Screenshot #6 (video)

22 normal playing does not result in growing RAM - it is steady with minimal page fault

  • I’m curious the impact of playing video on RAM. I played a 650 MB video. Surprisingly, it did not occupy 650 MB. In fact, it occupied only 360 MB. How I know is the Free memory dropped by 360 MB. I played the video in full size (1:1), not full screen, which explains why it did not occupy the full screen as it’s 4K display.
  • During the play, the memory counter did not slowly go up. It remains essentially the same, as you can see above.
  • I thought perhaps because I was simply watching the video normally (sequentially). So I jumped along the video, forcing it to play randomly. I would click toward the end, let it play, then immediately click somewhere at the beginning. It is a 27 minutes video, so I have plenty of timeline to click. It’s interesting to see that this random jump does not result in page fault. It is as if the entire video is already in memory. The counter Hard Faults/sec barely moved. Perhaps it was reading from disk directly?

Conclusion

  • If you want the best performance, use Total – Free as the sizing.
  • If you want a more cost effective solution, use Total – Free – Standby.  This would result in around 1-3 GB less RAM.
  • Let Windows manage the pagefile. This is the default setting anyway. I noticed a visibly slower performance even though Windows showing >1 GB of Free memory. In fact, Windows gave error message, and some applications crashed.
  • The % Committed metric should not hit 80%. Performance drops when it hits 90%, as if it’s a hard threshold used by Windows. If you use a pagefile, you will not hit this limit.
  • In general, I’d size Windows 7 between 4 – 8 GB of RAM, depending on the users. I’d use the following guidelines
    • 4 GB for light user
    • 8 GB for average
    • 12 GB for heavy. Yes, that’s 12 GB as I’ve seen my customers hit near 0 Free Memory, and he is just a “normal, average user”. He is an IT Manager.

Additional Resource

You might be wondering what those memory counters mean in Task Manager. Naveed Qadri explains it well here, so please read it.
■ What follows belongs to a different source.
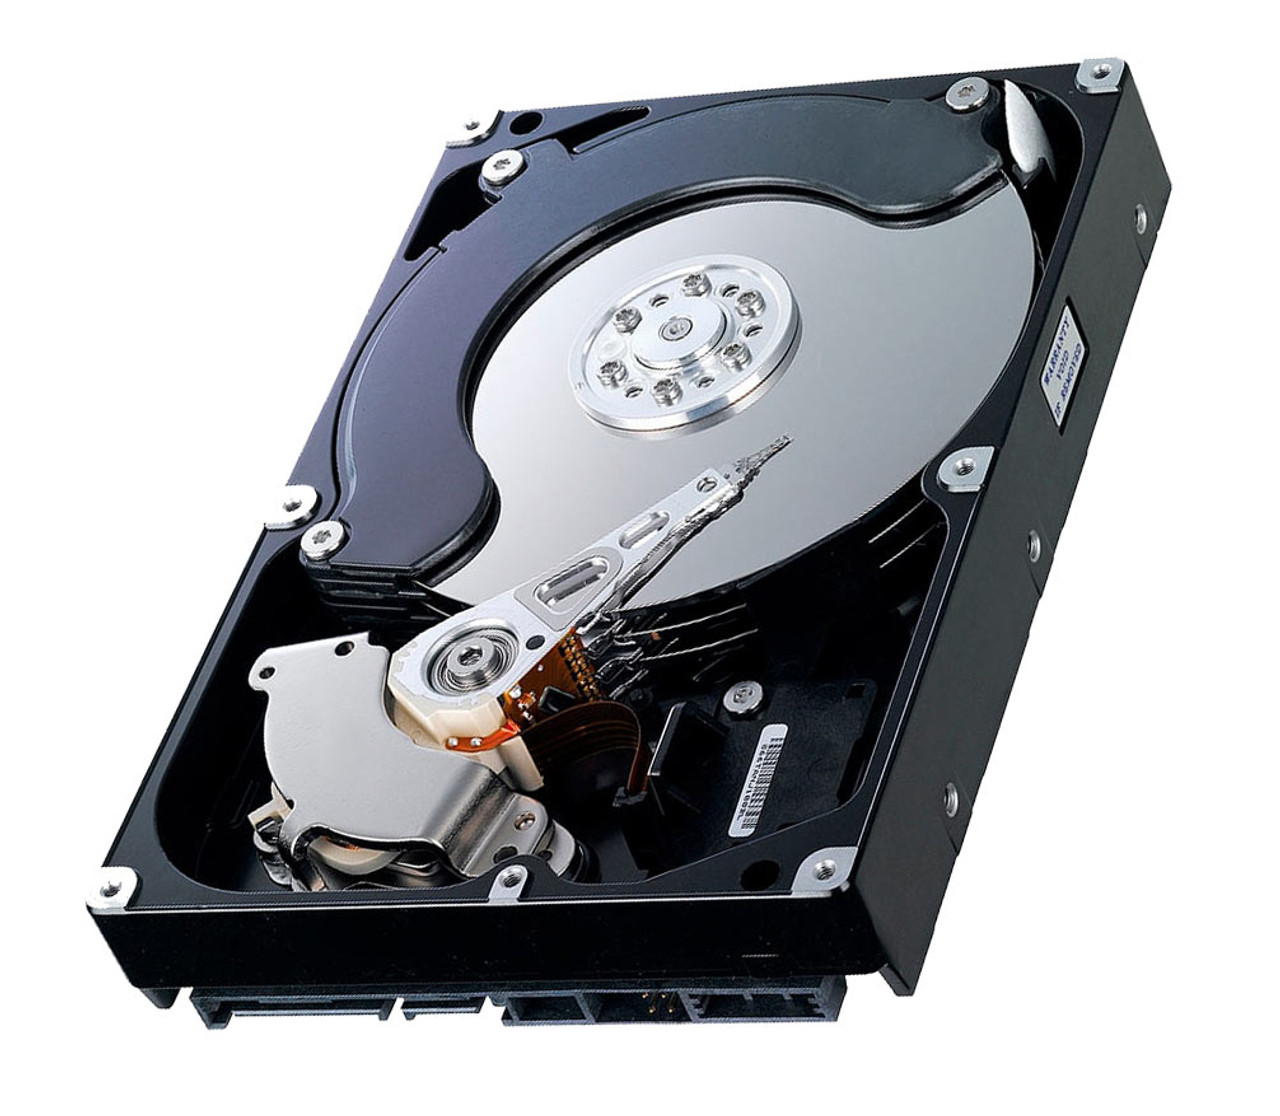 657750-B21 HP 1TB 7200RPM SATA 6Gbps Midline Hot Swap 3.5-inch Internal Hard Drive with Smart Carrier
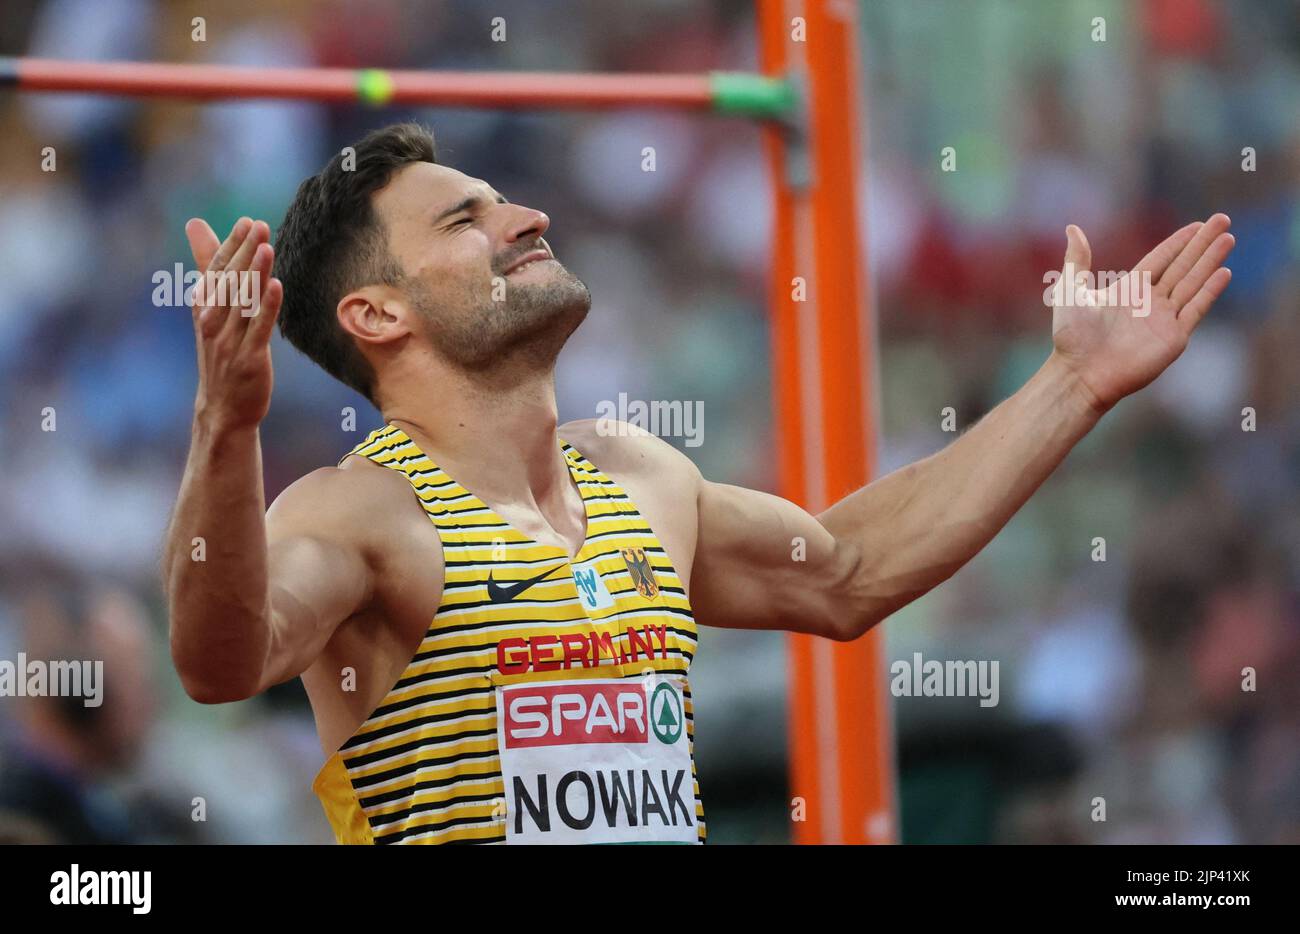 Athletics - 2022 European Championships - Olympiastadion, Munich, Germany - August 15, 2022 Germany's Tim Nowak reacts after his jump on the Men's Decathlon High Jump - Group A REUTERS/Wolfgang Rattay Stock Photo

  • Cached = Standby + Modified
  • Available = Standby + Free
  • Free = Free + Zero.

The difference between Cached and Available is Cached uses Modified, while Available uses Free. Available means exactly what the word means. It is the amount of physical memory immediately available for used.

Another article on Windows 7 memory management that I found useful was one written by Brandon Paddock. You can find it here. He wrote a program that proves that Commit can go up without In Use going up. I’m going to quote a sentence, so you can find it in his blog.

“Notice how my physical memory usage is unchanged, despite the fact that Commit has now increased by the full 2.3GB of that file."

Committed RAM can go beyond the physical RAM, as it takes into account pagefile.sys. The Commit Limit is typically 2x your physical RAM. In the example that Brandon gave:

"In fact, my commit value is now 6GB, even though I have only 4GB of physical memory and less than 3GB in use.”

Mark Russinovich explains in this technet blog something that you need to know. There is Reserved memory, and then there is committed memory. Some applications like to have its committed memory in 1 long contiguous block, so it reserves a large chunk up front. I can think of Databases and JVM in this example. This reserved memory does not actually store meaningful application data or executable. Only when the application commits the page that it becomes used. Mark explains that “when a process commits a region of virtual memory, the OS guarantees that it can maintain all the data the process stores in the memory either in physical memory or on disk”.

Notice the word “on disk“. Yes, that’s where the pagefile.sys comes in. Windows will use either the physical memory or the pagefile.sys.